Na saudação aos jornalistas em voo rumo à Polónia o Papa enfrentou imediatamente o tema que todos esperavam: não a insegurança, mas a guerra, aquela «aos bocados» da qual tantas vezes falou. Esclarecendo que talvez não é «orgânica» mas certamente organizada. E o seu pensamento dirigiu-se ao padre Jacques Hamel, que definiu «sacerdote santo» e comparado com tantos outros mártires, «quantos cristãos, quantos inocentes, quantas crianças», recordando a todos um grande país africano flagelado pela violência e muitas vezes esquecido como a Nigéria. E sobretudo afastando o fantasma nefasto da «guerra de religião», alimentado com perícia por quem semeia ódio: «todas as religiões querem a paz; a guerra são os outros que a querem, entendido?» repetiu.

Pela primeira vez Francisco visita a Europa centro-oriental e, logo que chegou a Cracóvia, disse que estava contente por este início precisamente na pátria de Karol Wojtyła, o predecessor que deu início às jornadas mundiais da juventude e que se preocupava por que o velho continente pudesse respirar finalmente com os seus dois pulmões, o oriental e o ocidental, alimentado pela «civilização comum que encontra no cristianismo as suas raízes mais sólidas». E, referindo-se ao sentido da história de João Paulo II e ao aniversário do batismo da nação, o Pontífice quis elogiar a «memória boa» que prevaleceu na Igreja na Polónia.

Foram dois os acontecimentos positivos do último meio século indicados pelo Papa: o perdão entre os episcopados polaco e alemão vinte anos depois da conclusão da segunda guerra mundial e a declaração comum entre a Igreja católica na Polónia e a ortodoxa russa.
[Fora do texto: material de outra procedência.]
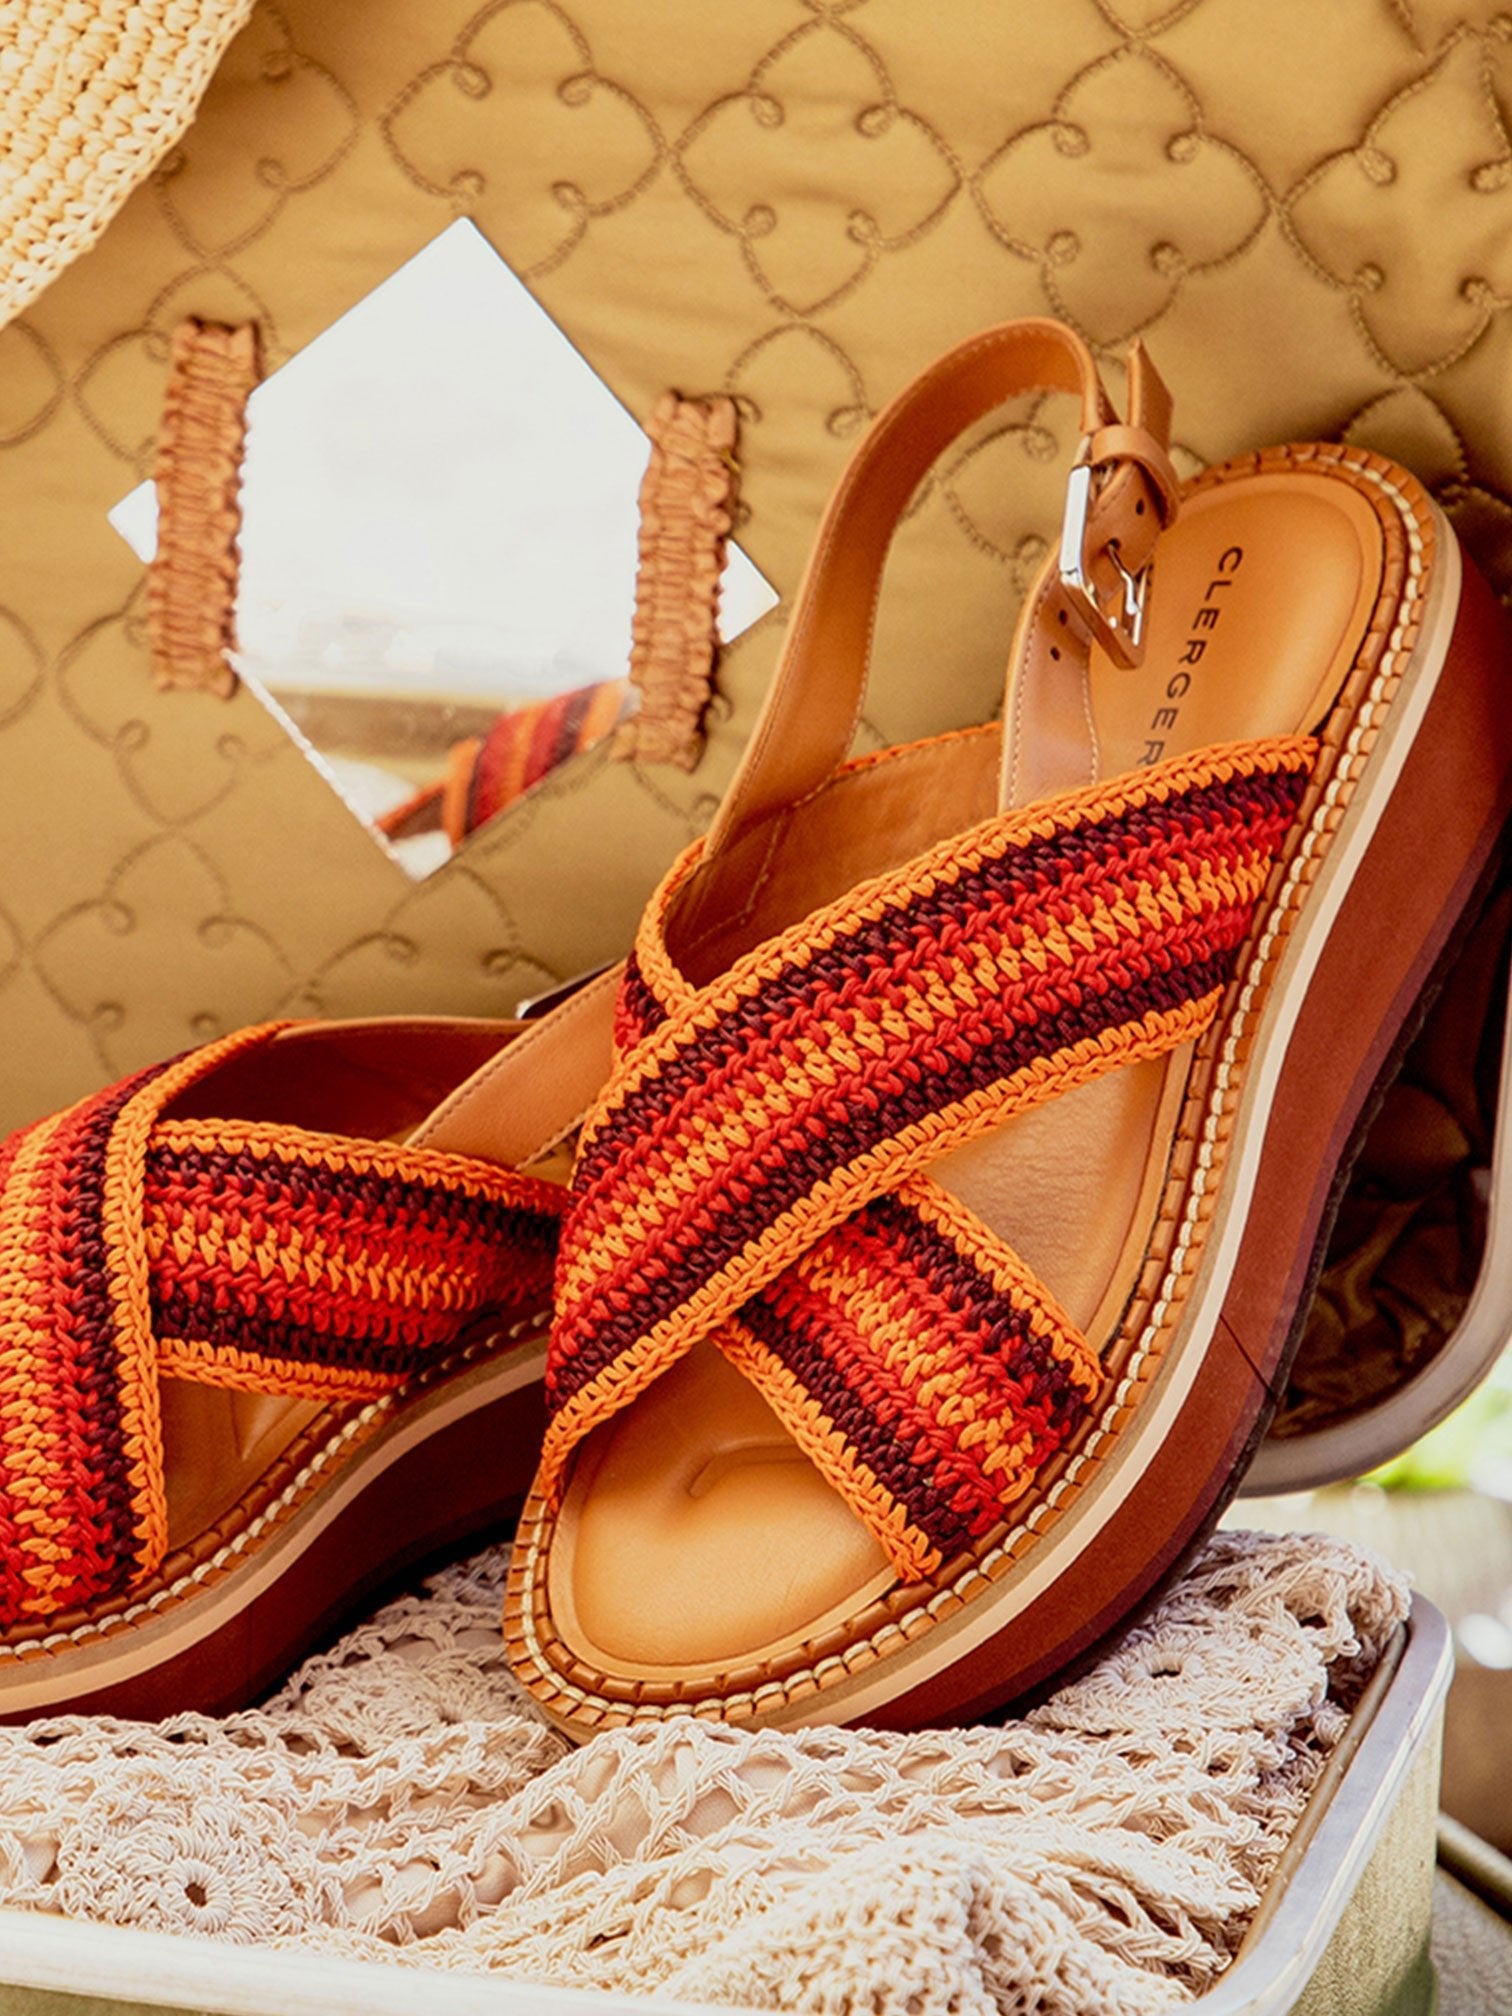 SANDALS - FADEN sandals, jaspe crochet - FADENJASCROM340 - Clergerie Paris - USA

Em 1966 o regime comunista impediu que Paulo VI visitasse a terra polaca por ocasião do milénio do batismo e durante a celebração principal em Częstochowa foi colocado numa cadeira vazia um retrato de Montini, para frisar o impedimento. Mas já no final do decénio seguinte a eleição do arcebispo de Cracóvia marcou o início de tempos diversos e depois, no começo do século, novo millenio ineunte, abriu o caminho às sucessões papais de um alemão depois do primeiro polaco, como que a fechar simbolicamente o conflito mundial, e em seguida, a um bispo que veio «quase do fim do mundo».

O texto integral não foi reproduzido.